Тотчас же пожалев о приступе раздражения, Гримберг обнял ее за плечи и привлек к себе. Жест был преисполнен не только нежности, но и несколько неловкой похотливости.

Валентина едва заметно отстранилась. Не став настаивать, Гримберг ослабил объятие: предполагалось, что они давно уже урегулировали вопрос взаимного влечения.

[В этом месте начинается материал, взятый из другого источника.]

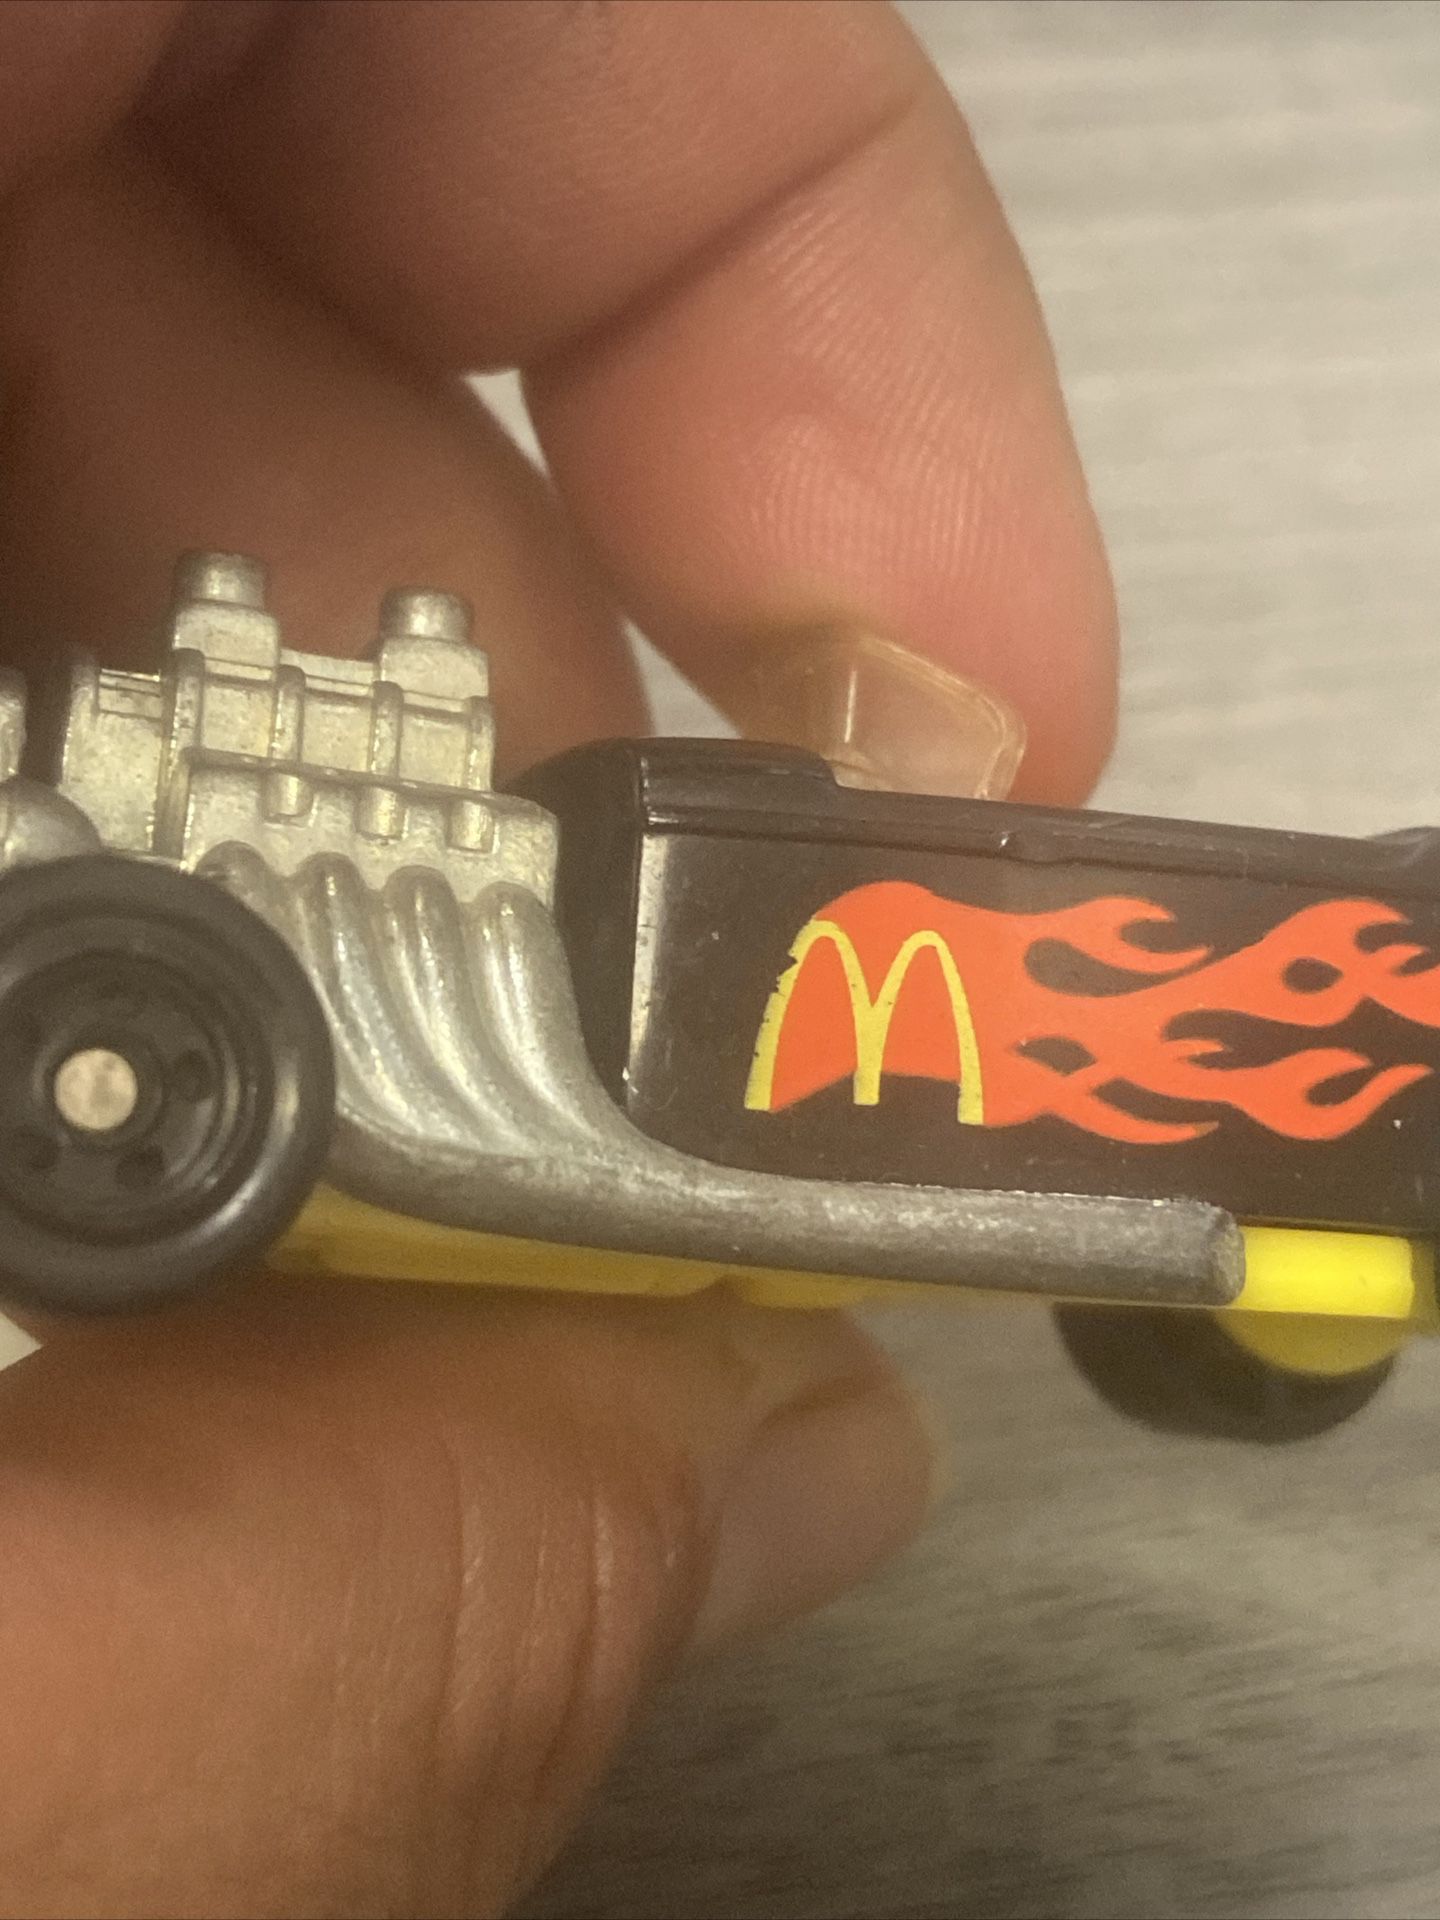 This rare Hot Wheels McDonald's Limited Special Retro Toy Collectable from 1993 is a must-have for any diecast and toy vehicle collector. The black Ho
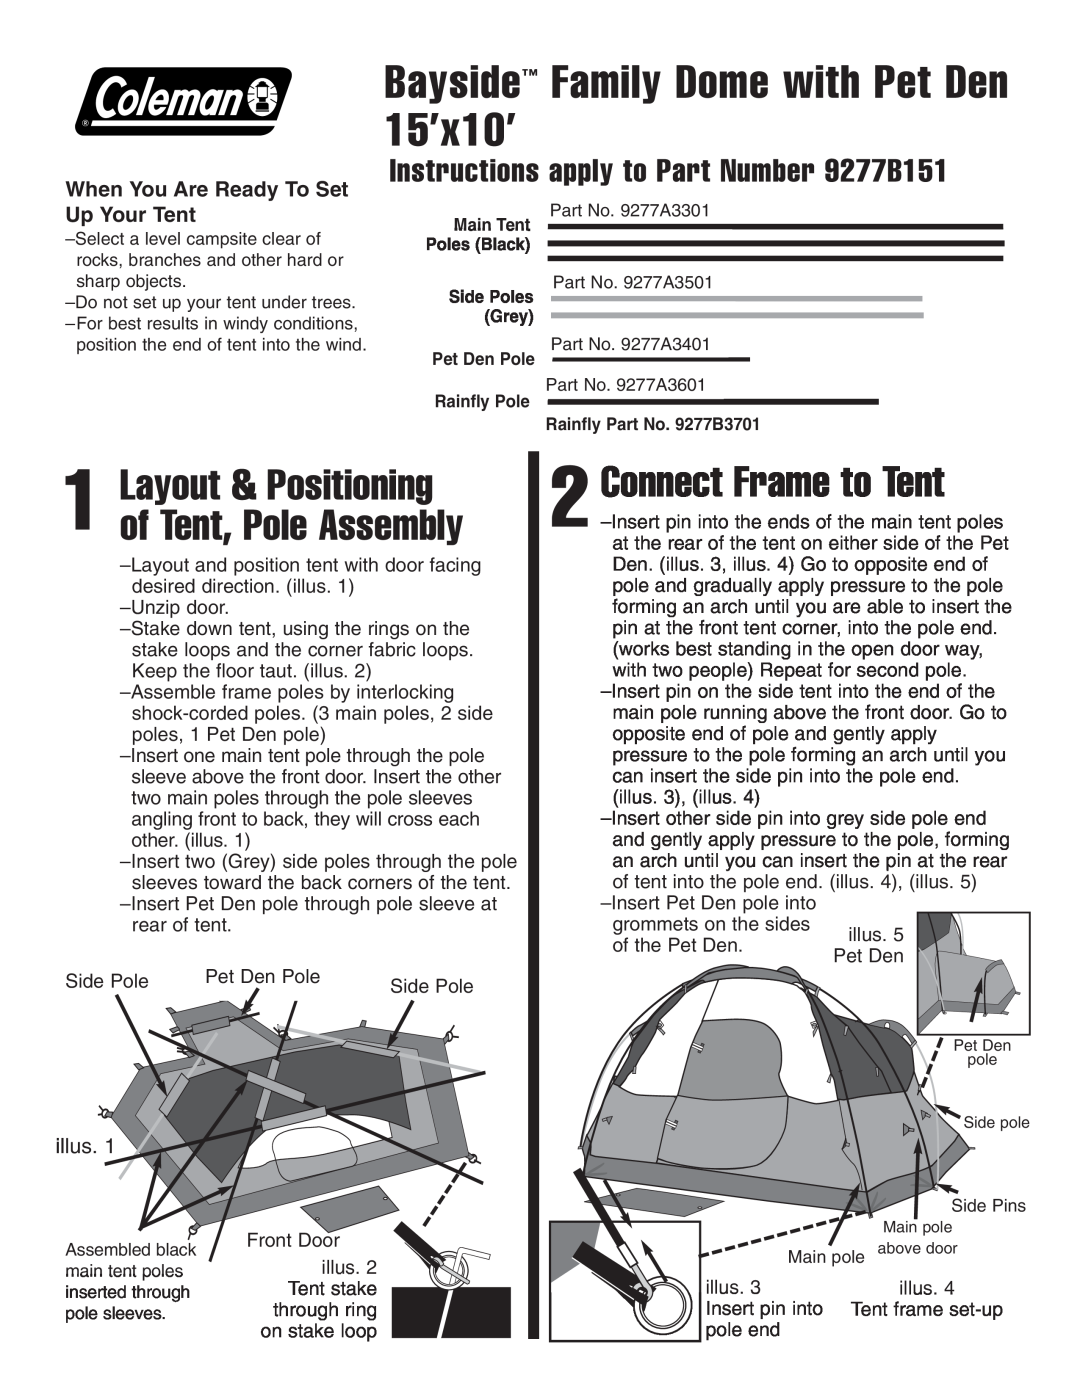 Coleman 9277B151 manual Connect Frame to Tent, When You Are Ready To Set Up Your Tent, illus

Вторым ее поступком, сразу же после покупки рисунка Марино Марини, стал короткий роман с Гримбергом. Штатный реставратор отдела итальянской живописи, тот был лет на десять старше и своим успехом у женской части персонала музея был обязан приятной внешности и неоспоримому обаянию. Валентина выбрала Марка не из-за его шарма, очков в толстой оправе, кашемировых свитеров с воротником, которые он носил под бархатными пиджаками, или вечно взъерошенных волос. По правде говоря, этот арсенал меланхолического интеллектуала даже немного раздражал ее. Секс с Гримбергом стал для нее своего рода переходным ритуалом, празднованием нового цикла ее жизни, и ничем более.

В их отношениях никогда не было страсти и еще меньше любви. Гримберг просто оказался в нужном месте в нужное время, вот и все. Взаимное влечение привело их в постель, где они познали приятные мгновения. Ни он, ни она и не желали чего-то другого. Все произошло совершенно естественно, без лишних слов.

Гримберг вновь появился в жизни Валентины в тот момент, когда ей указали на дверь, сочтя нечистоплотной, через несколько недель после «несчастного случая». Из всех бывших коллег он оказался единственным, кто открыто оказал ей поддержку. Если она и выдержала тот удар, то частично благодаря Марку. Возможно, он полагал, что это даст ему право вмешиваться в ее жизнь и даже позволит вновь оказаться в ее постели.